┏━━

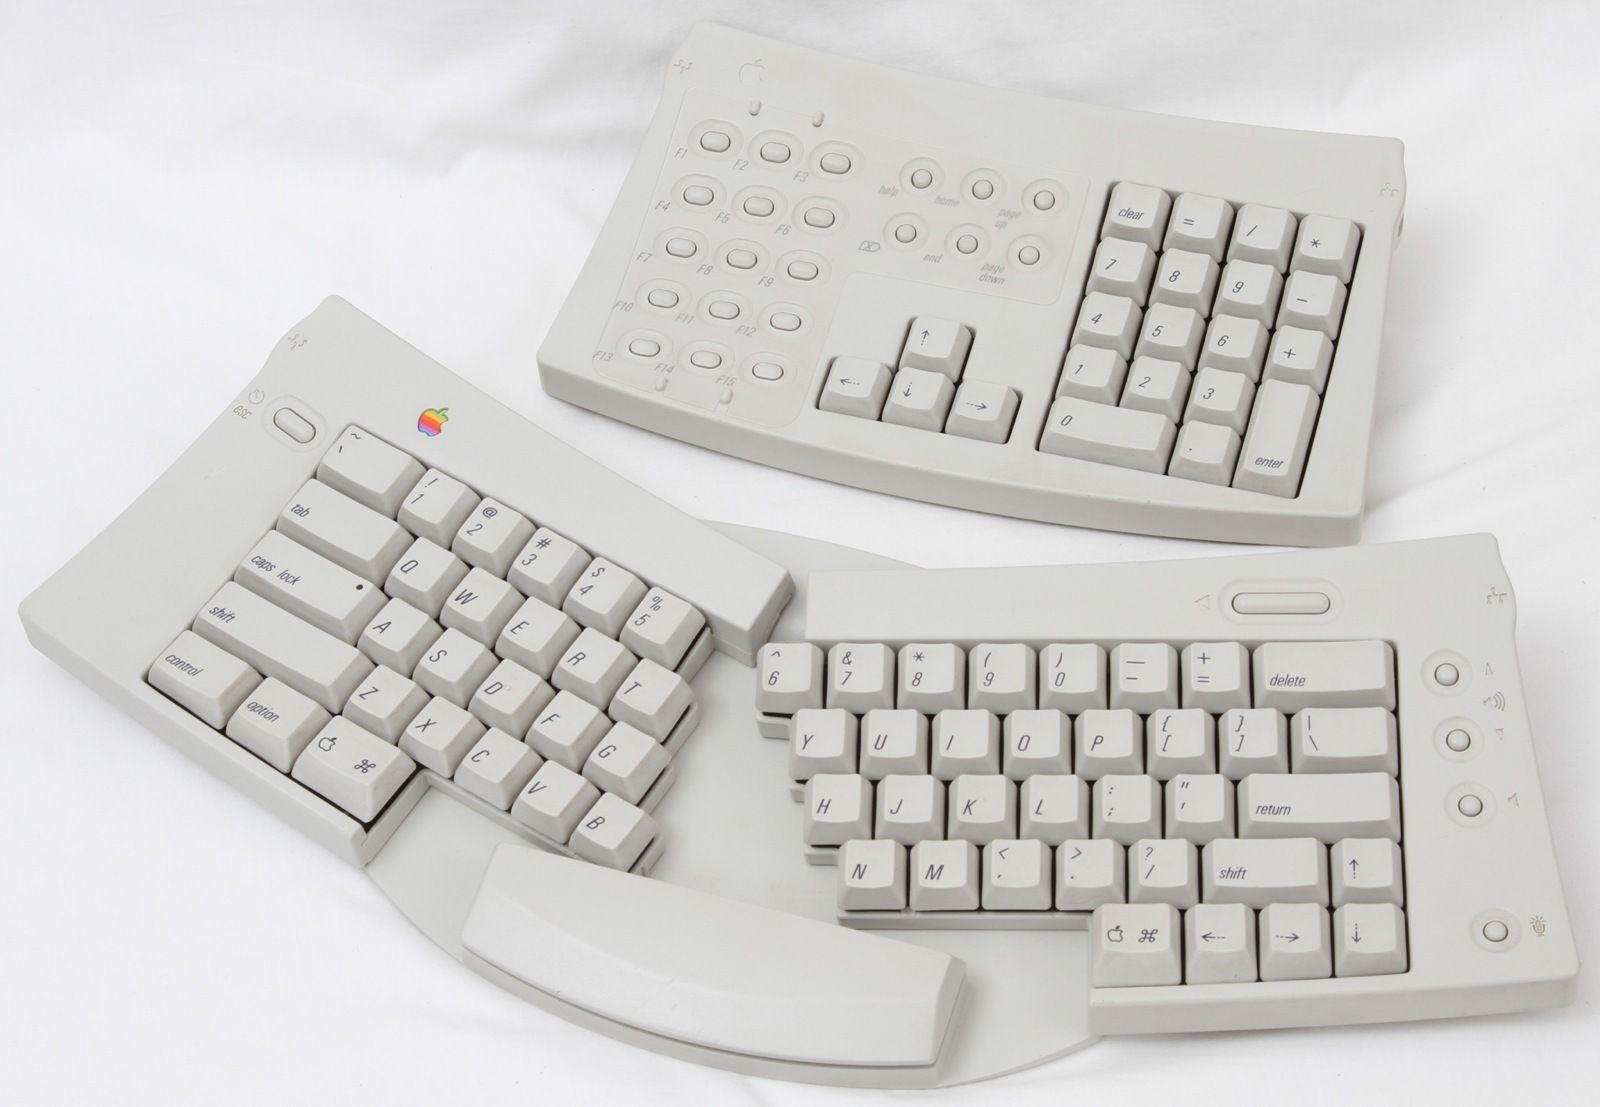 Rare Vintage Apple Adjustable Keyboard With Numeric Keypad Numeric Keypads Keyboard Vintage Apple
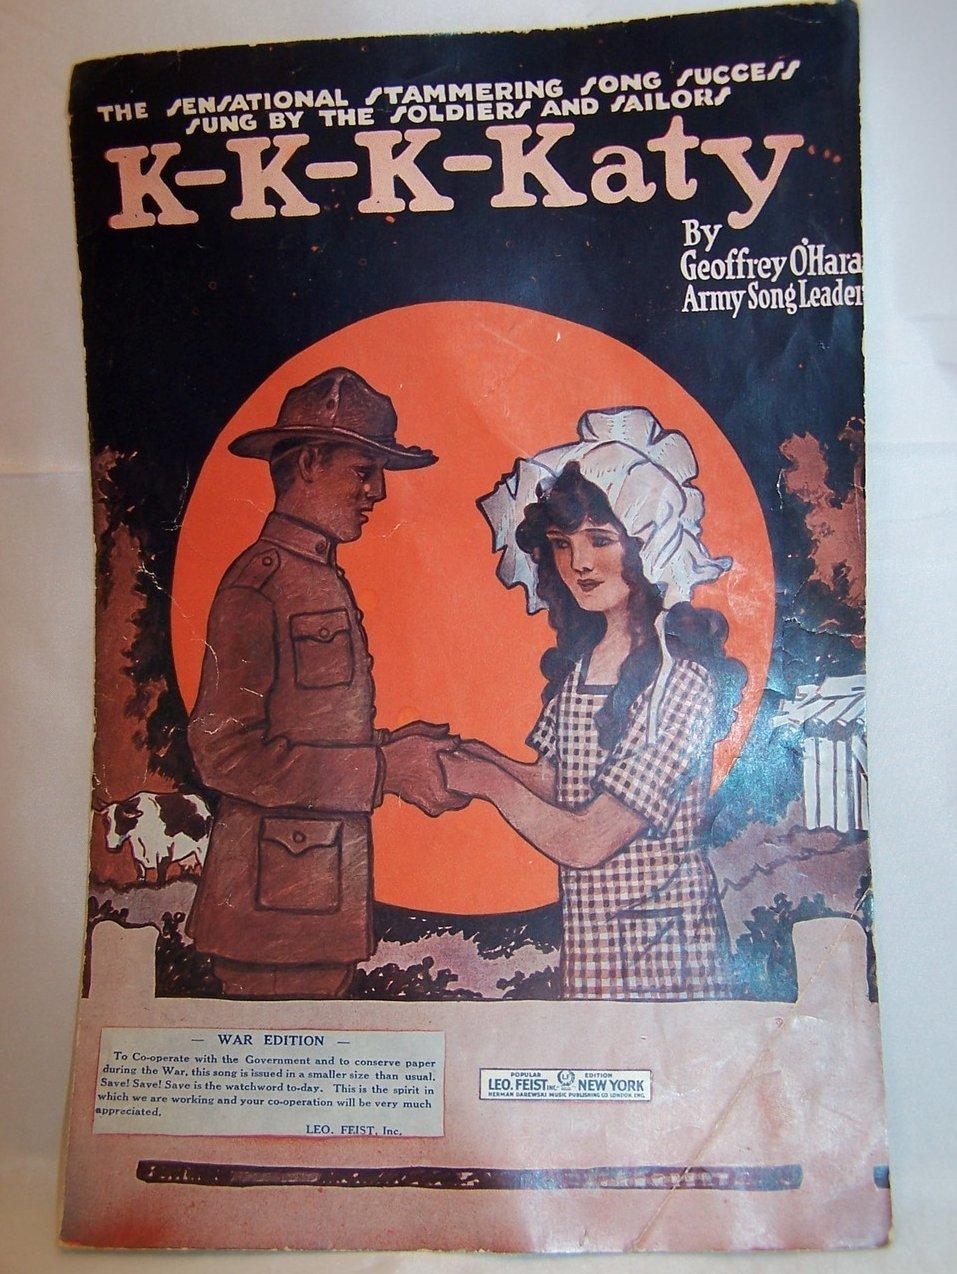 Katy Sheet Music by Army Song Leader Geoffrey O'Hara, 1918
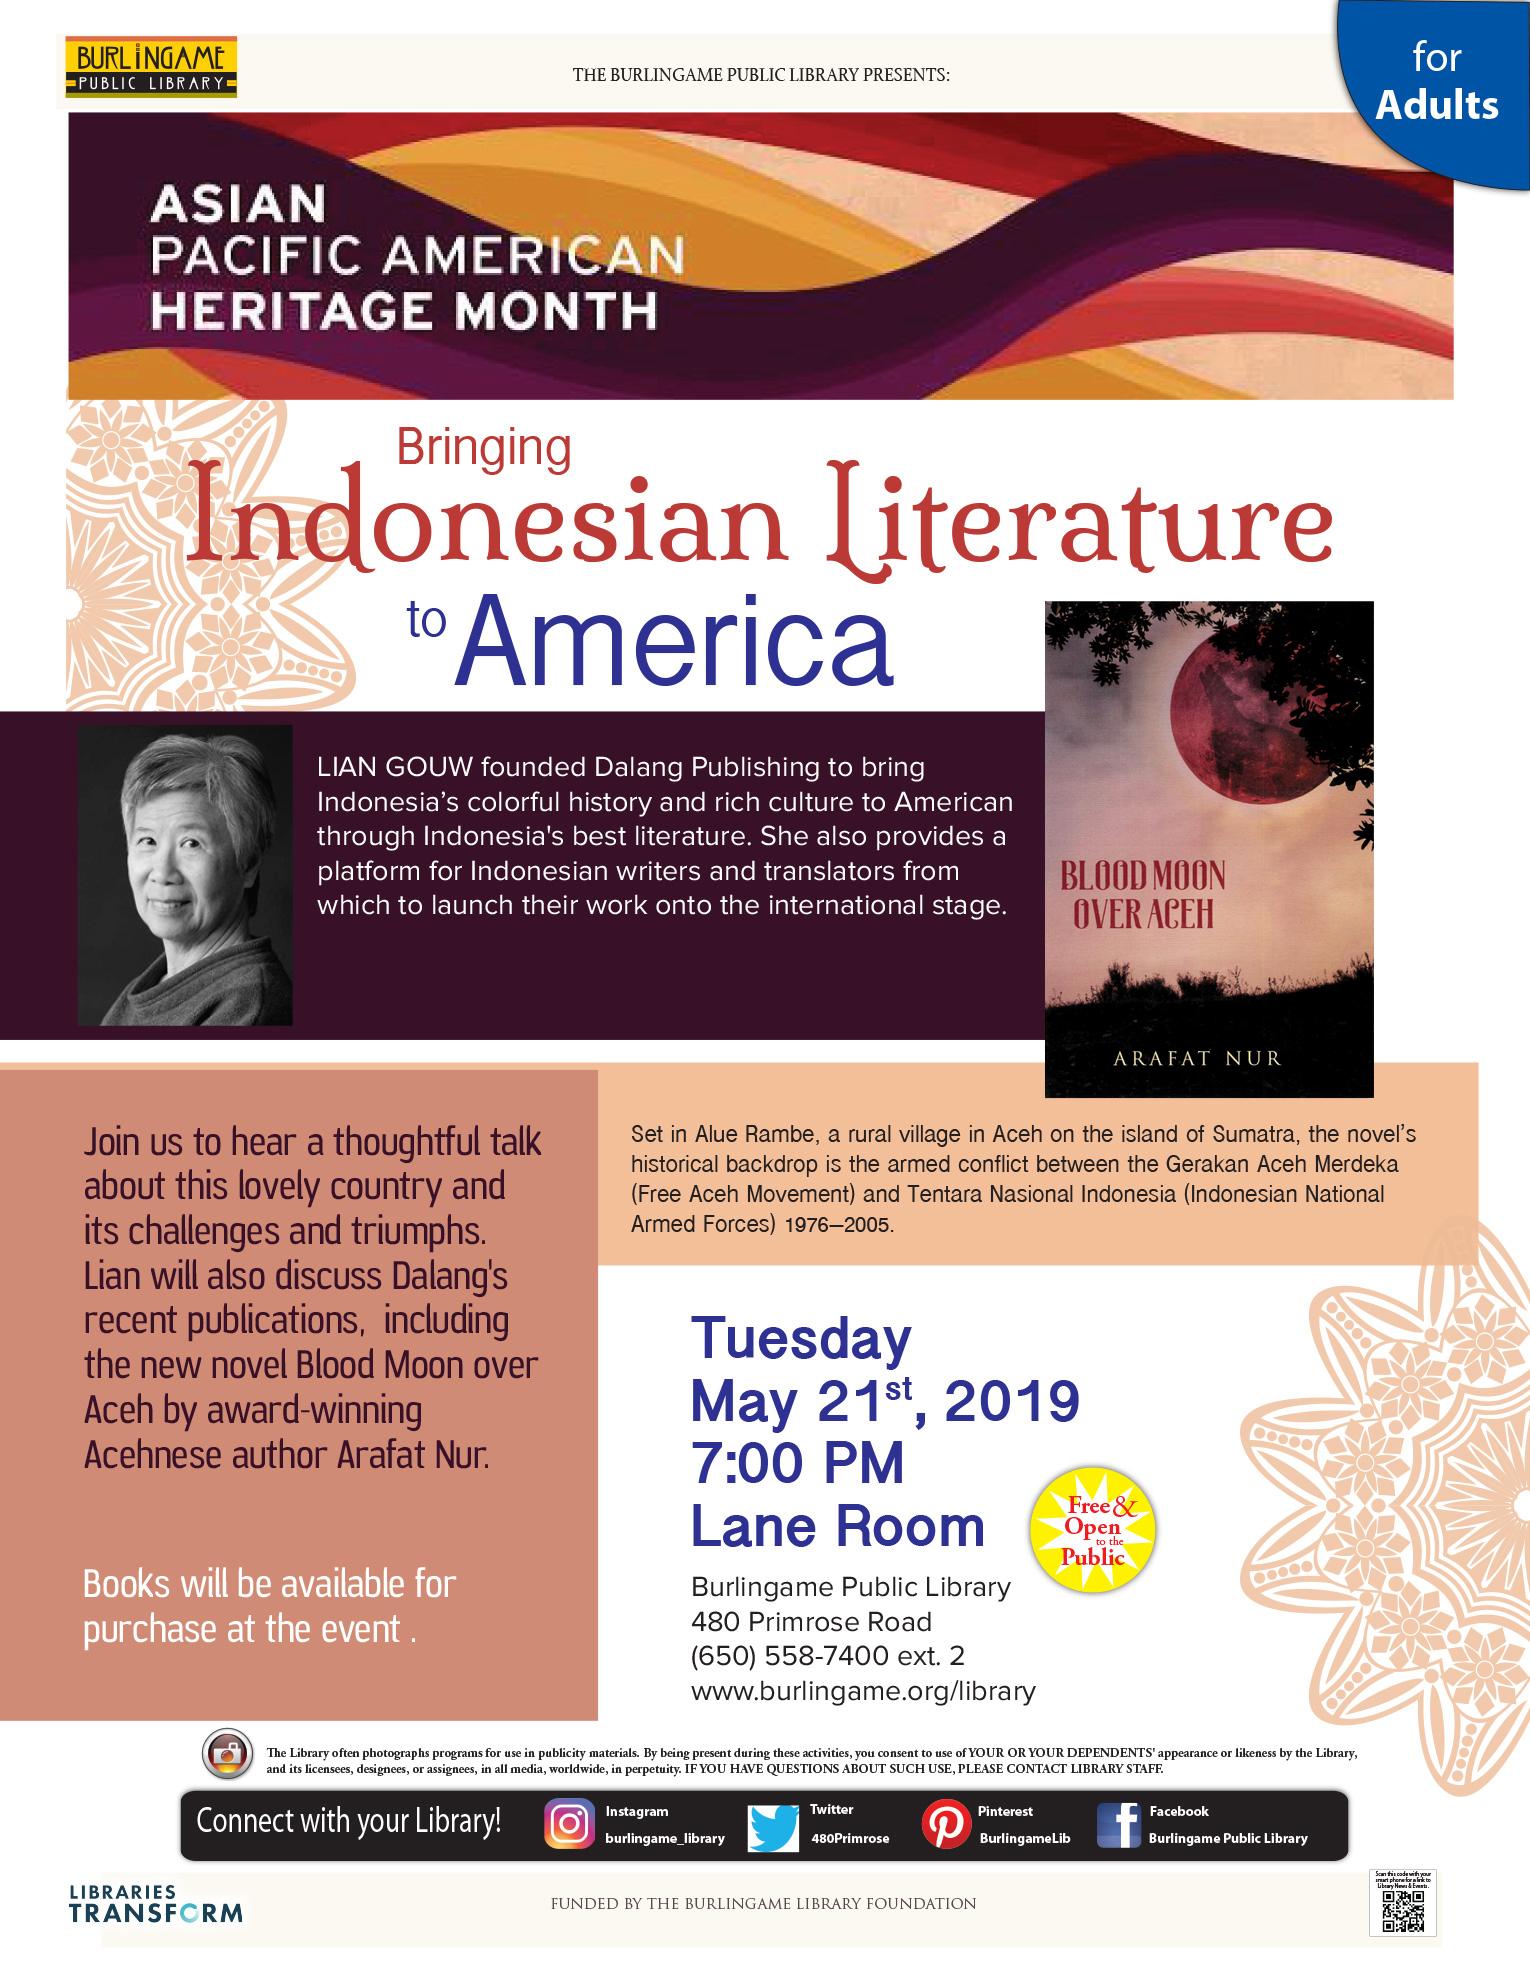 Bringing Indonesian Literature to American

┗━━

▸ EXERCISE PROMPT: An exact copy of the lines from the line containing "Katy Sheet Music" through the final line of the listing, without pictures, is the expected result.

▸ COMPLETED TASK:
 Katy Sheet Music by Army Song Leader Geoffrey O'Hara, 1918
 Bringing Indonesian Literature to American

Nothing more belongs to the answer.